Within the last four weeks, the FBI has been systematically contacting persons attending the National Black Economic Development Conference. The agents have represented the investigation as being or-dered by the United States Attorney General, supposedly in regard to possible extortion charges against James Forman. We are advised by attorneys that this is a preposterous notion. Although presumably the investigation is on the extortion issue, there is apparent interest in other individuals' roles in the conference, including that of Lucius Walker, Jr. [IFCO's Executive Director].

It the indications we have received are true, there is no legal basis for such a charge, if the purpose of this is intimidation to drive the movement back into the wall, it leads one to believe this is just another effort to hold back the thrust for black liberation. If enough people can be frightened by the massive use of agents across the country, that might be more effective than an actual case. We shouldn't be duped by this kind of strategy.

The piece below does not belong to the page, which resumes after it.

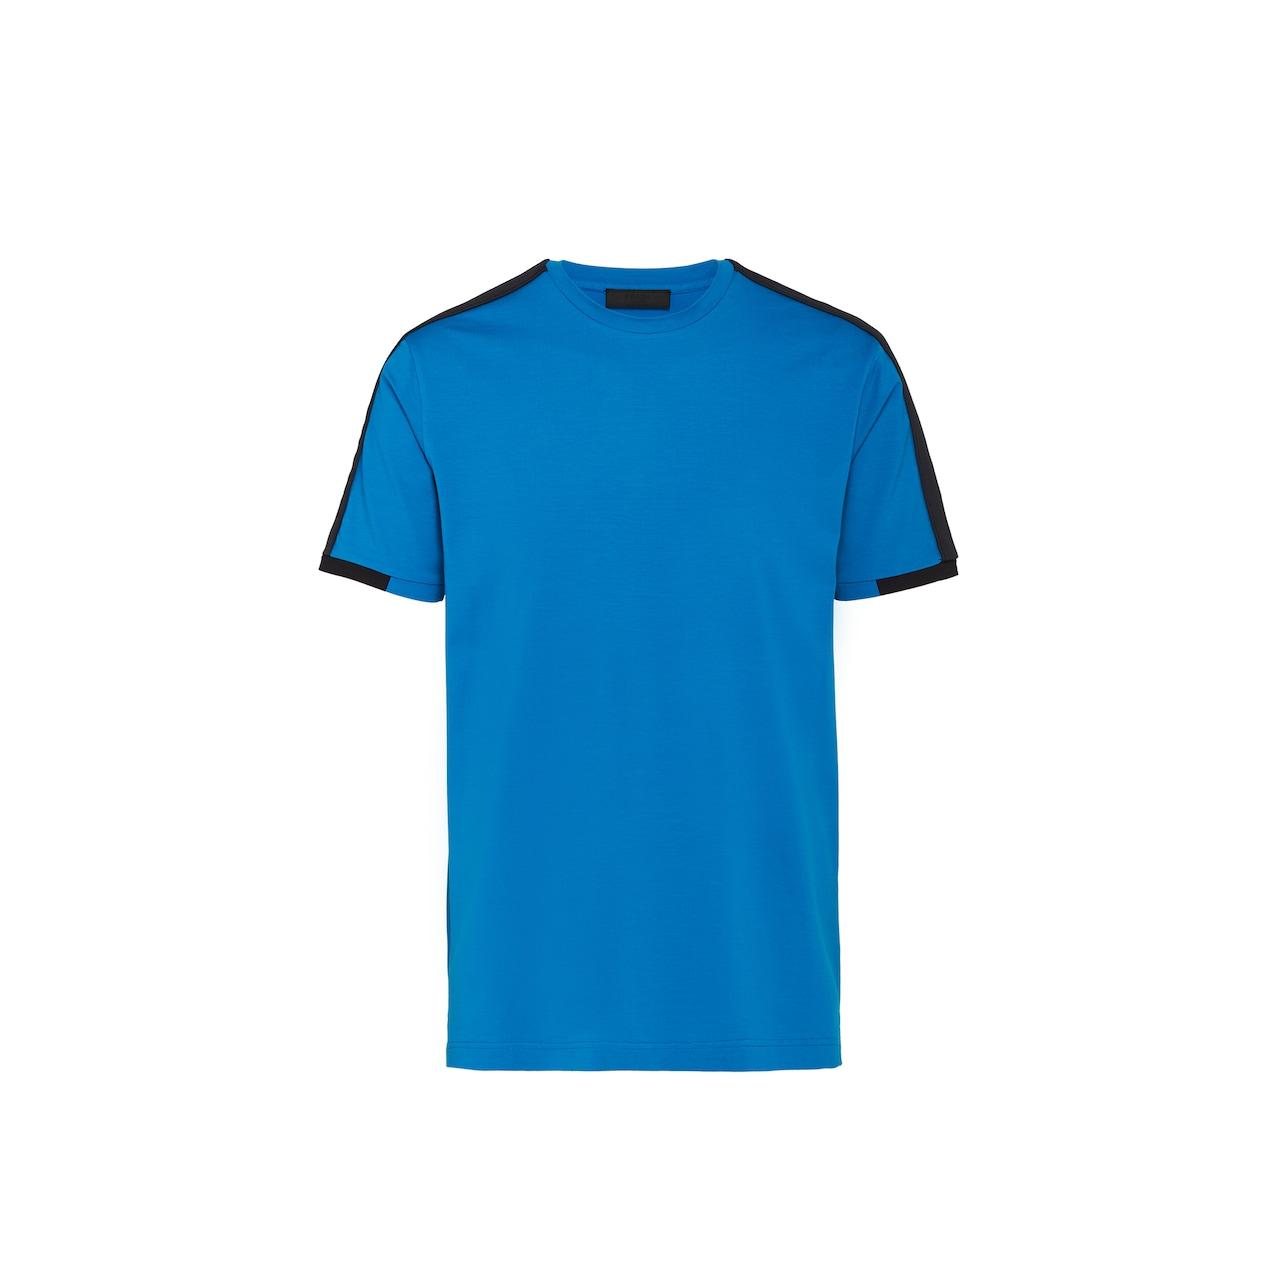 Prada 针织嵌饰T恤 1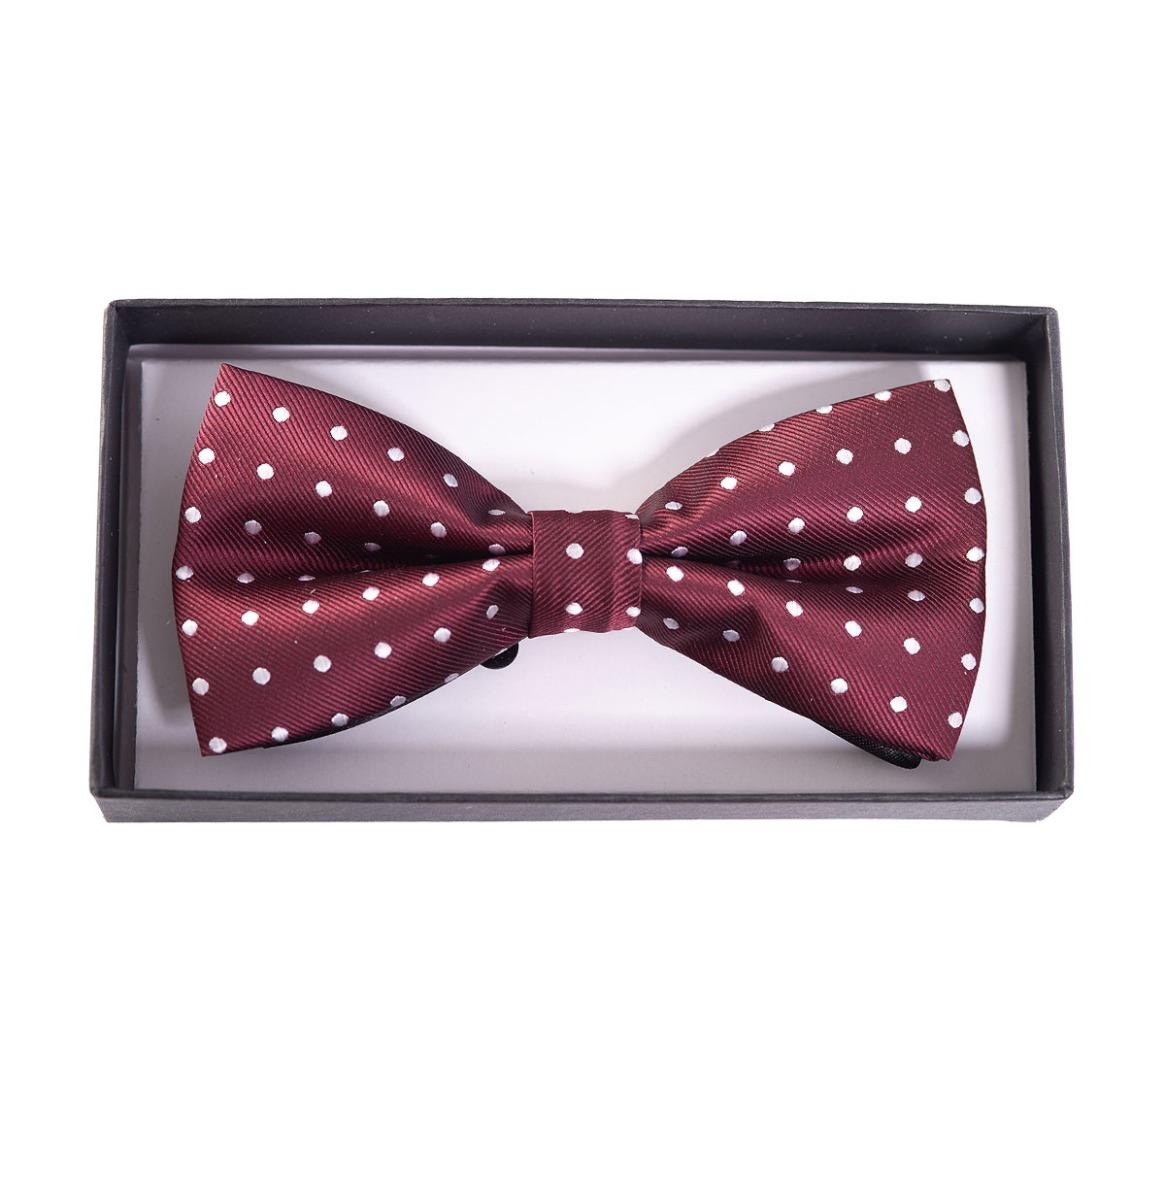 Ribbon Dance Bow Tie Burgundy White Polka Dots

Nor should white Americans be duped into thinking that the kind of official repression which has been described in this article is limited to Black Panthers, Blackstone Rangers, or other minority organizations and individuals who are aggressive in their challenge of the status quo. As violence breeds violence, so does repression breed repression. Whites can feel the sting, too.

An extraordinary incident which happened in Chicago recently bears this out, and at the same time provides bizarre commentary on the American racial circus. The Better Government Association, a prestigious civic organization, had planned a meeting with representatives of the ghetto, including several gang leaders. The purpose was to open a dialogue which might reduce dangerous tensions. The meeting was set for the Inland Steel Building in the Loop and was to be a luncheon.

But members of the police department's gang intelligence unit (which was prominent in the Blackstone Rangers hearing before the McClellan committee and which, some believe, promoted the investigation) demanded invitations to the meeting and upbraided the hosts for not telling the unit's head, Capt. Edward Buckney, what they were doing.

Gang intelligence police swarmed over the building, staked out in the lobby, and started shooting pictures of everybody who entered. When the gang leaders arrived and found the fuzz all over the place, they "split the scene," rendering the meeting impotent. Chicago Daily News columnist Mike Royko, who broke the story, described one of the in-timidated hosts of the meeting: "Robert Gaylord Donnelley--Credentials: A member of the wealthy family that controls R. R. Donnelley and Sons Company, the giant printing firm (Red Book), Yale '60 and Harvard Business School '63; executive of the First National Bank of Chicago; Social Register, society pages and civic leader. In other words, a top-drawer, white member of the Establishment."

Said the startled Donnelley, after he had recovered from the shock of his introduction to intimidation and repression, American style: "I had never believed most of the things I read about the tactics the police use. Most of the people I know still don't believe it. If this is an example of the type of thing that is happening to black people, then I can appreciate their feelings and their reactions."

The irony is that Captain Buckney is a Negro.